■ DATA EXCERPT
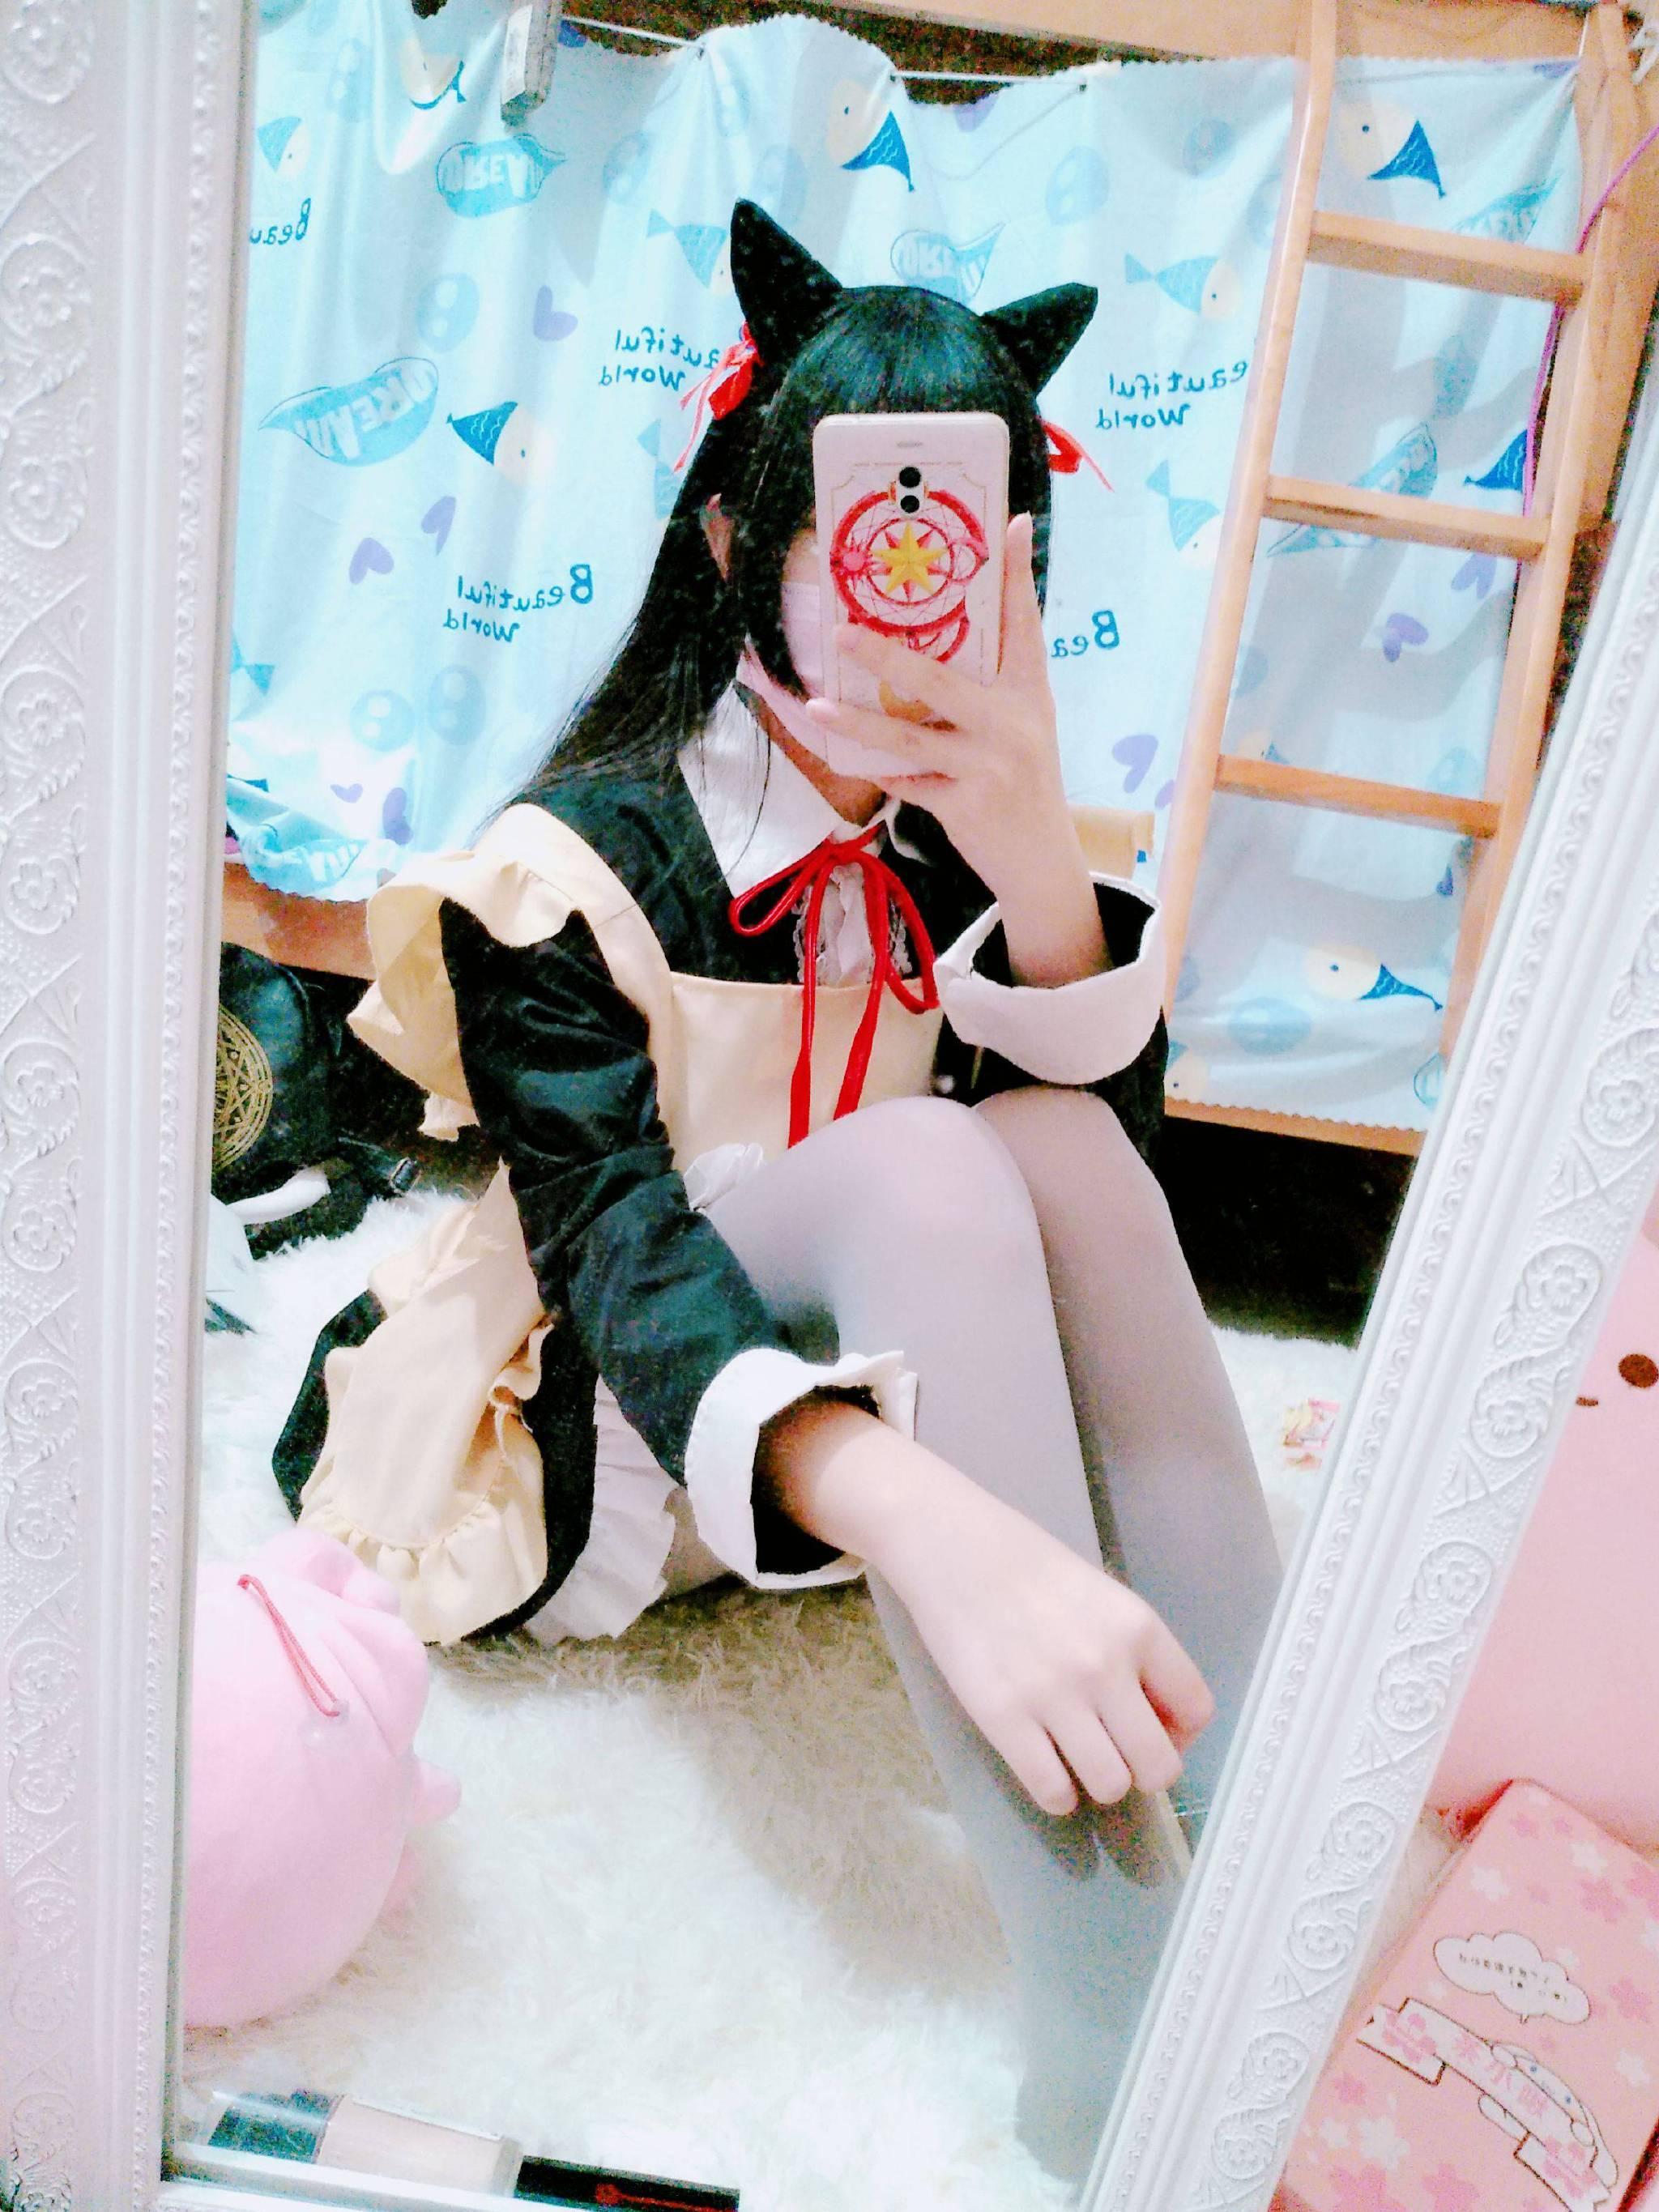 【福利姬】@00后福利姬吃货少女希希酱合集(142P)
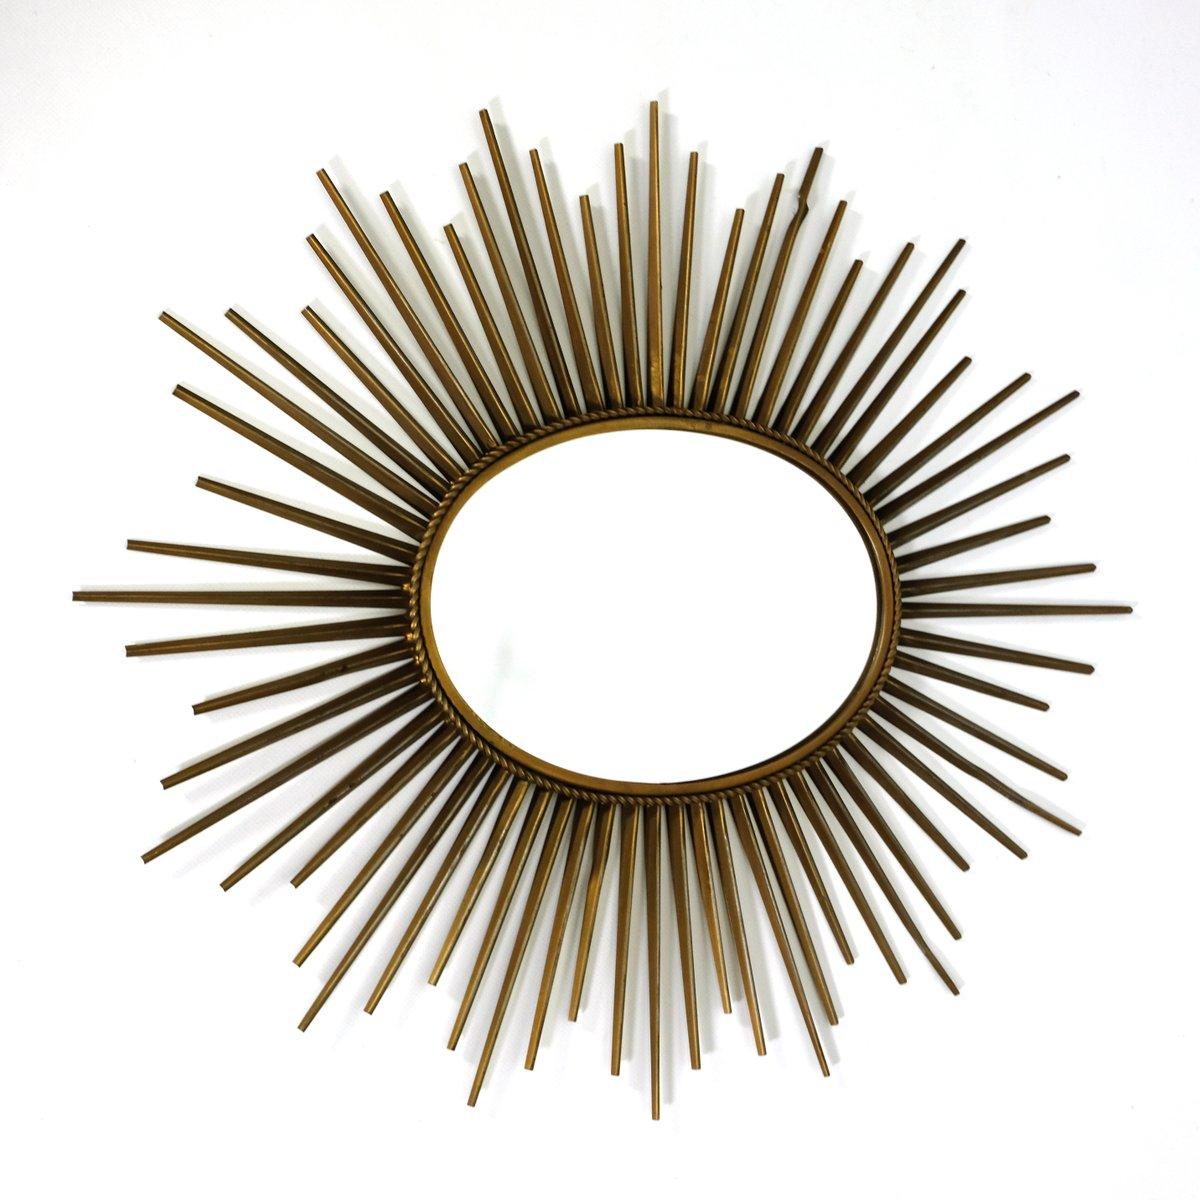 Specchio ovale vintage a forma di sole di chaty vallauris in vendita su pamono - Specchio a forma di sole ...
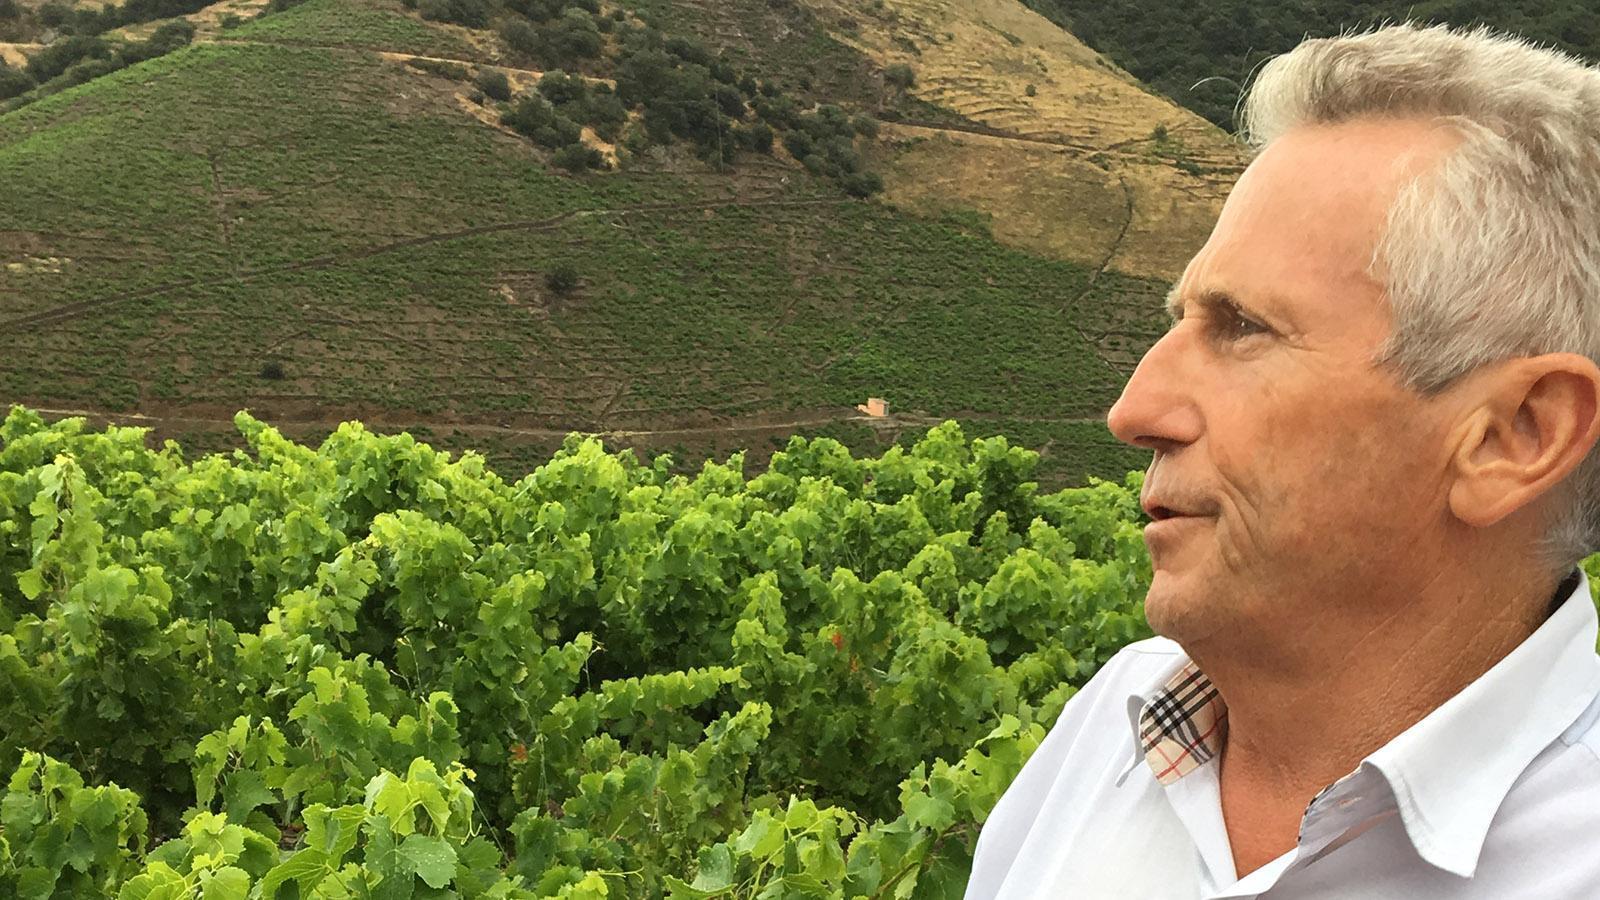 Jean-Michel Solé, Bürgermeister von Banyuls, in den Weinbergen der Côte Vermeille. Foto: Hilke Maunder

■ TASK REQUIREMENTS
Copy the whole of the material above exactly, but not its images.

■ RESPONSE TO THIS TASK
 【福利姬】@00后福利姬吃货少女希希酱合集(142P)
 Specchio ovale vintage a forma di sole di chaty vallauris in vendita su pamono - Specchio a forma di sole ...
 Jean-Michel Solé, Bürgermeister von Banyuls, in den Weinbergen der Côte Vermeille. Foto: Hilke Maunder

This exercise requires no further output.